Figure 2. In vivo-simulated set up. This is a novel in vitro set-up that simulates in vivo conditions. Close chamber containing cancer cells is sandwiched in between transmitting oil simulating soft tissue in the body and ultrasound absorber on the opposite side to minimize reflection of ultrasound waves.
Ex vivo systems
In some cases, in vivo-simulated set ups might be difficult to design, such that using an actual in vivo target for exposure outside of the body (e.g. removing the liver before ultrasound irradiation) might be a practical option. This is called an ex vivo set up. Unlike in vivo where active blood circulation is present; ex vivo tissues may still have a good predictability for in vivo outcome especially when freshly collected tissue is used in the experiments. In some cases, for drug delivery with ultrasound, a circulating and temperature regulating device might be added into the system to simulate the real in vivo environment Citation[41].
In vivo systems
In vivo experimentation is a step closer to clinical application. When designing in vivo experimental set ups, eventual actual clinical application should be considered. Several in vivo set ups have been adopted for drug delivery with ultrasound. For either localized targeting or generalized ultrasound exposure, animal survival should be an important gauge for the overall success in any in vivo therapeutic experiment. The most commonly applied in vivo system for therapeutic ultrasound is direct targeting of a tumor after intratumoral injection of the drug or other agents, for example therapeutic DNA. For highly vascular tumors, intravenous administration of the drug is performed prior to direct tumor sonication. To be able to properly target and monitor the tumor during this type of treatment, real time imaging by ultrasound or MRI is commonly used. While few studies have attempted whole body exposure of animal models for sonication, a successful therapeutic outcome has been limited. Although such a model is ideal for the treatment of metastatic cancer, lethal damage by ultrasound itself can become an important issue and overall effectiveness still remains as a big challenge for investigation.

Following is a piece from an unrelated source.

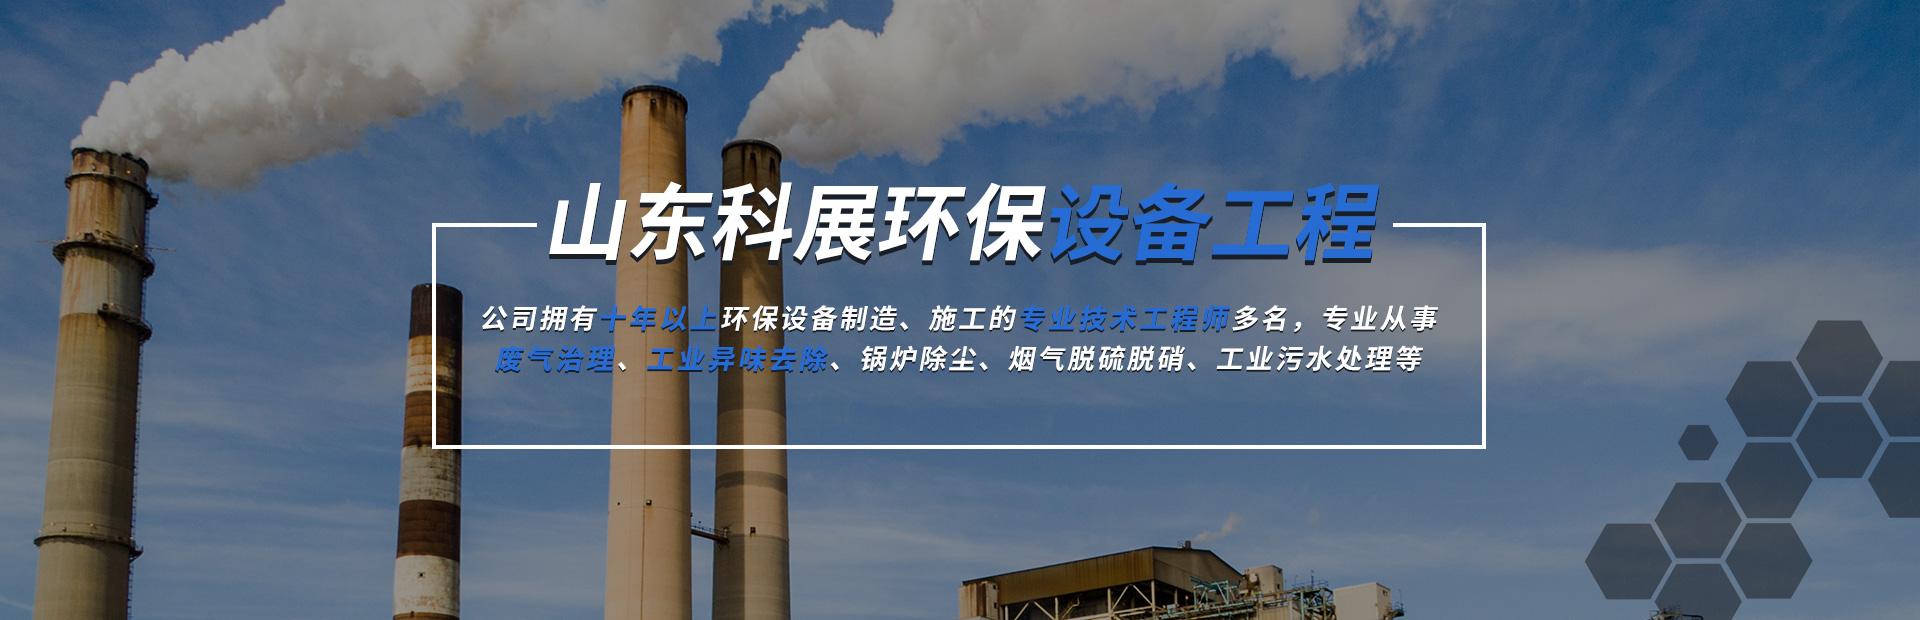 山东科展环保设备工程有限公司
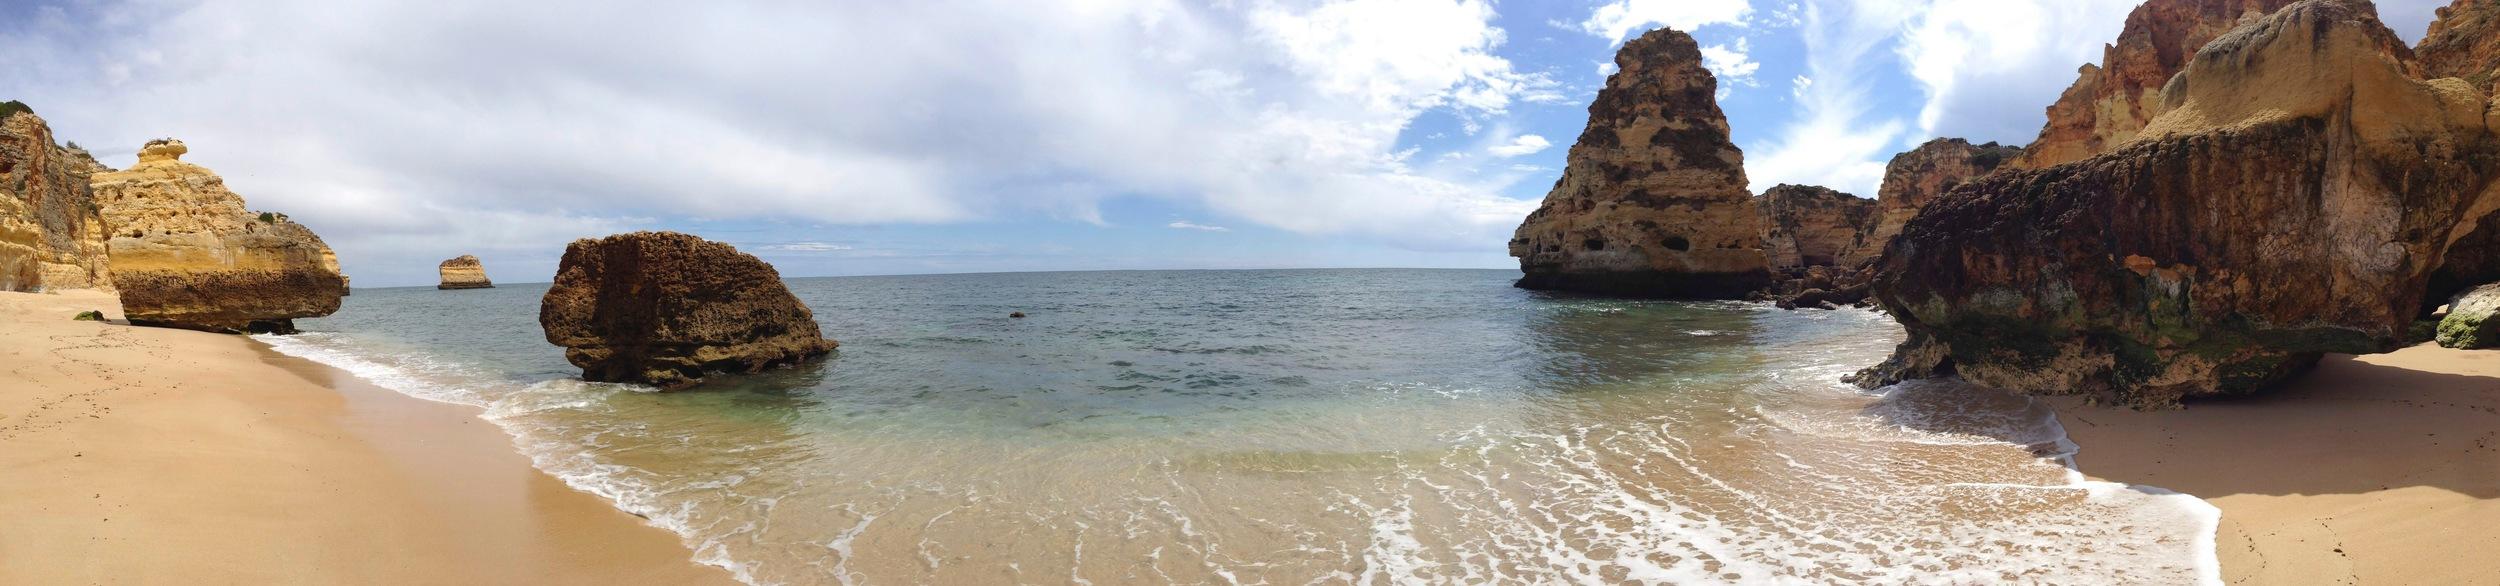 Praia de marinha 12.jpg

As to chemotherapeutic agents against tumors, even if the agent is effective against this particular cancer in vivo model, optimal quantities of the agent must also reach all cells within the targeted tumor Citation[42], Citation[43]. It is here where strategies are developed to increase drug uptake by tumor cells using ultrasound Citation[44]. This is in addition to other strategies by which ultrasound is being applied for therapy such as thermal ablation, hyperthermia, and interaction with drug carriers and vasculature Citation[45].

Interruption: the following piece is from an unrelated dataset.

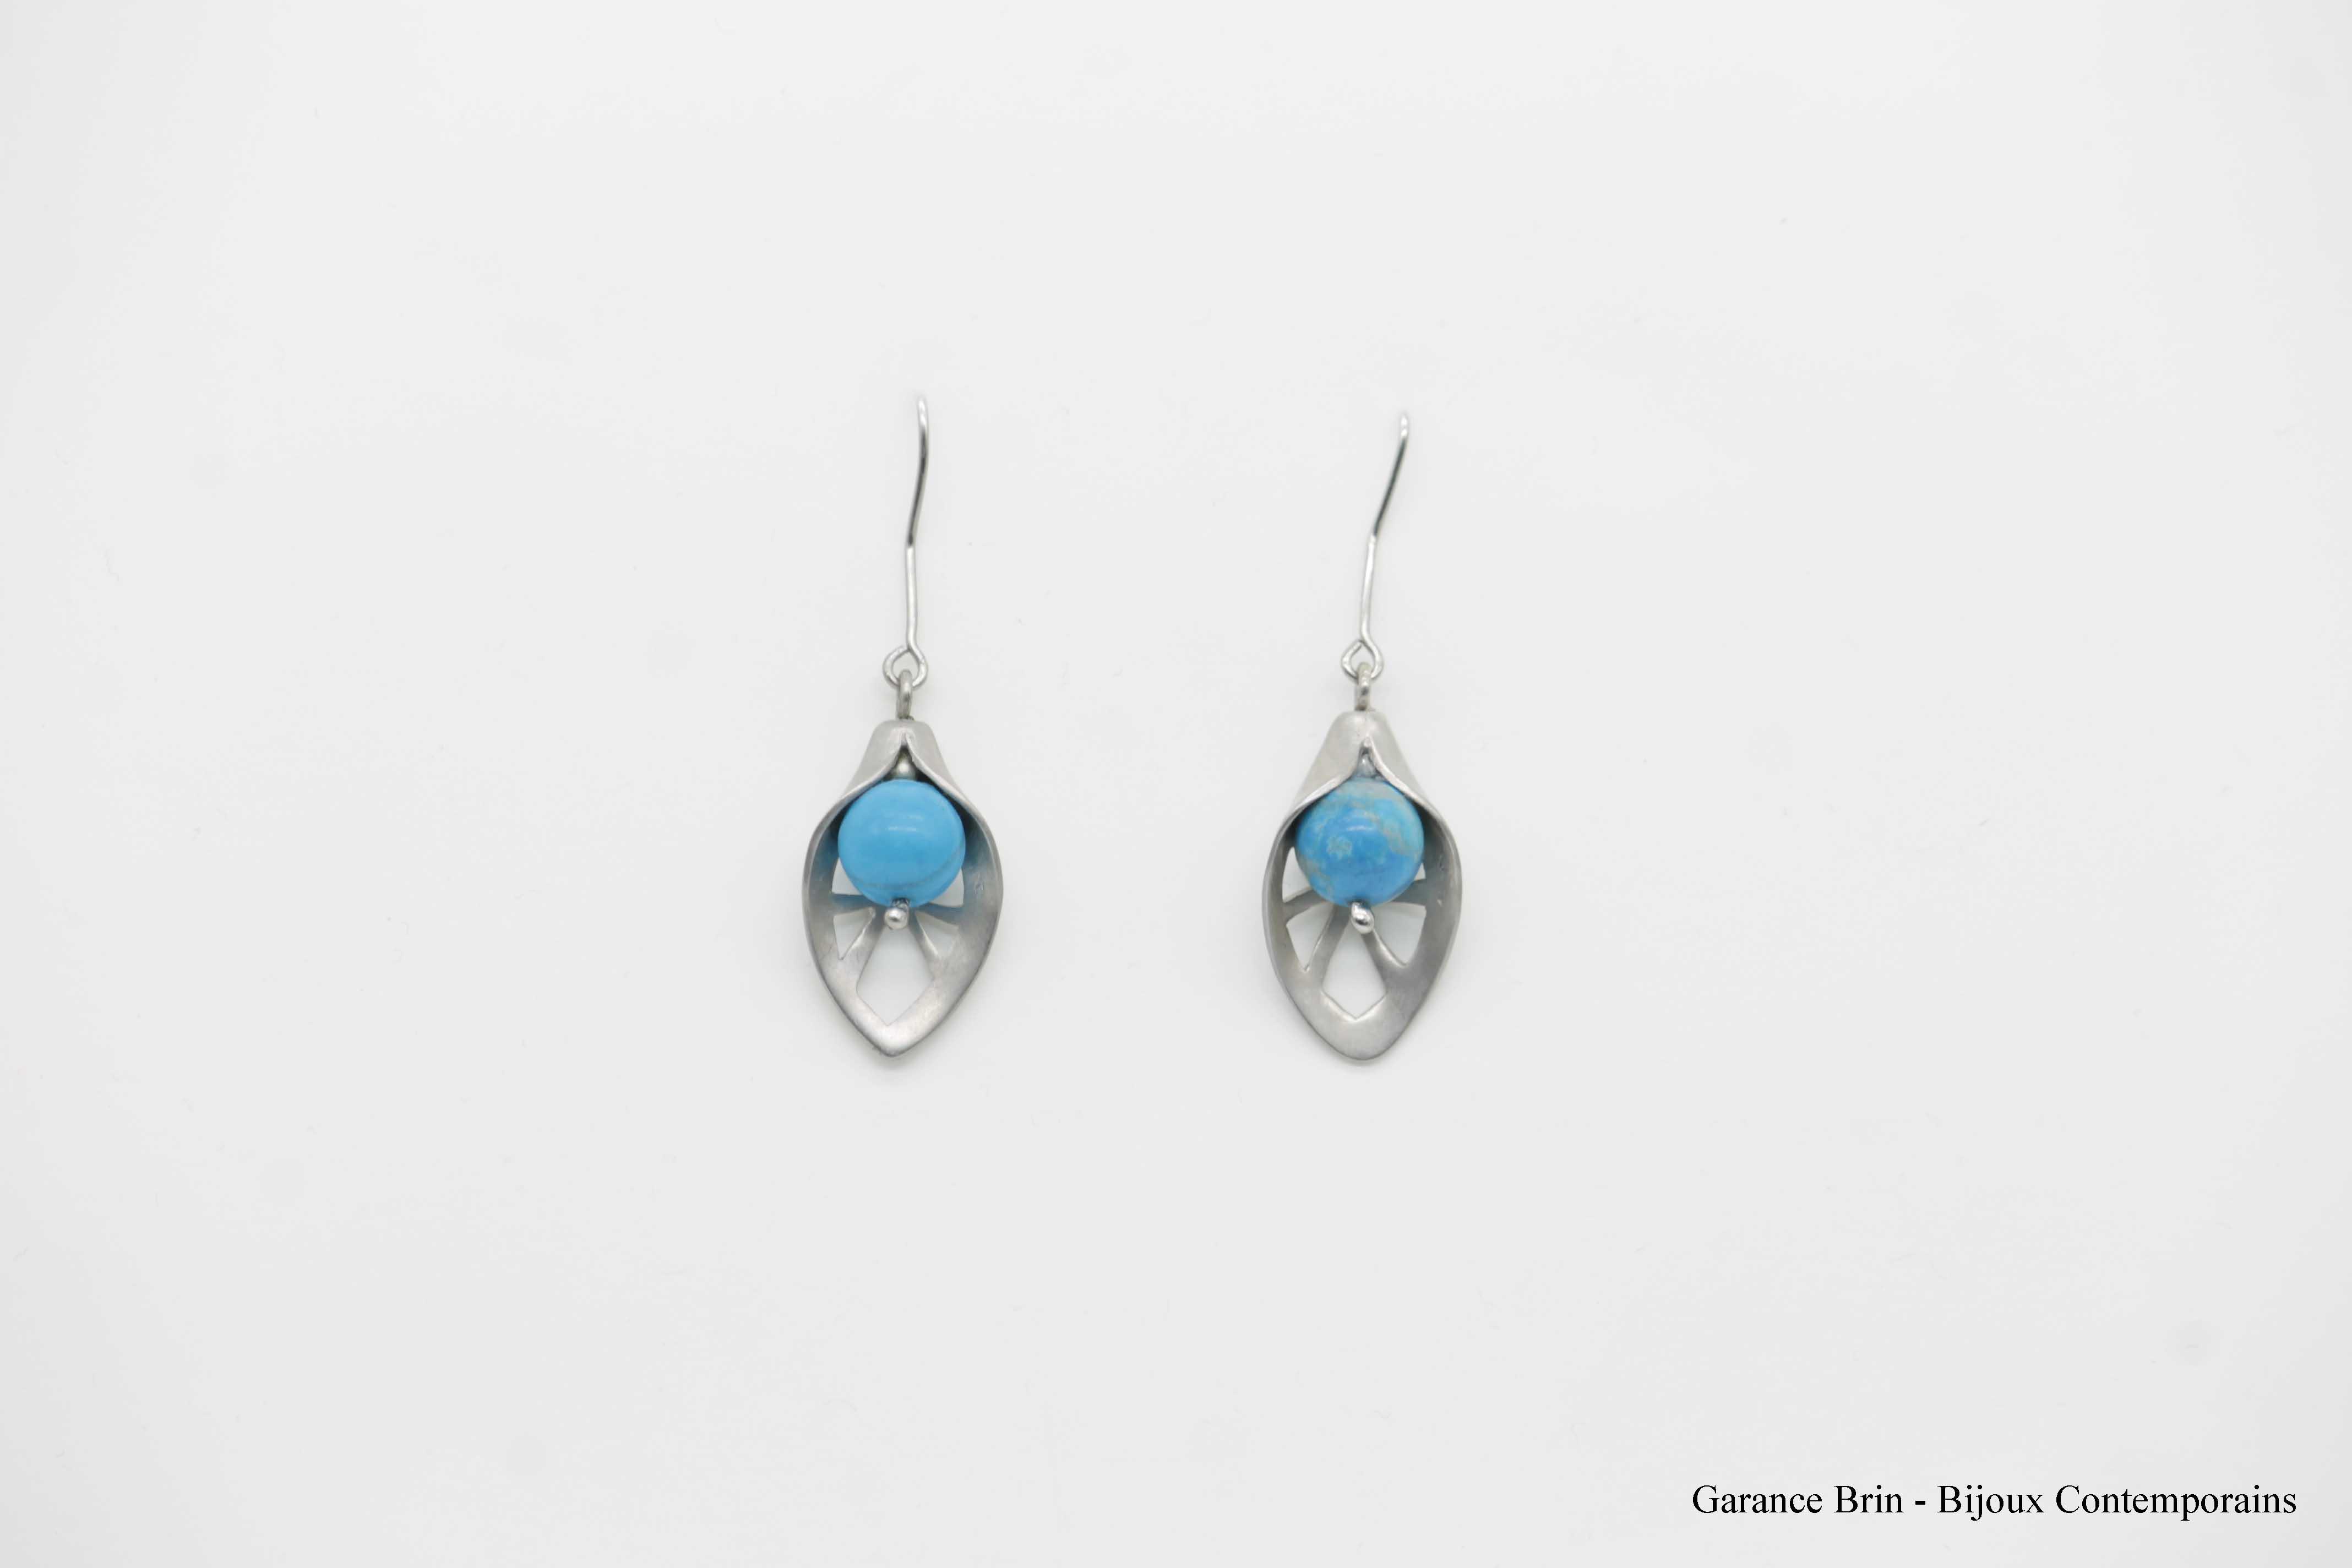 Boucles d'oreilles feuille de toile - turquoise, Argent Bijoux contemporains Garance BRIN

Mechanisms involving physics and chemistry
The mechanisms by which ultrasound augments the activity of drugs and other agents remain poorly understood, although several explanations have been proposed. In vitro, (a) increased cellular membrane permeabilization of drugs, also called sonoporation, (b) increased sensitivity of the cells to the agent, (c) potentiation of the agent, (d) partial damage caused by one of the modalities alone was rendered irreversible when the two are combined, and (e) the thermal effect, were cited as possible mechanisms. All these in vitro effects could probably be present to varying extents in vivo, as well. Furthermore, in vivo, vascular effects and immune response Citation[46] of the animal model may also uniquely produce interactions between ultrasound and anticancer agent, resulting in enhanced effects.
While sonoporation is a widely accepted mechanism in the enhanced effect of drug against the target cells, there is also evidences showing that other mechanisms may contribute to the overall enhancement such as thermal, sonochemical and biomolecular effects Citation[20], Citation[22], Citation[47].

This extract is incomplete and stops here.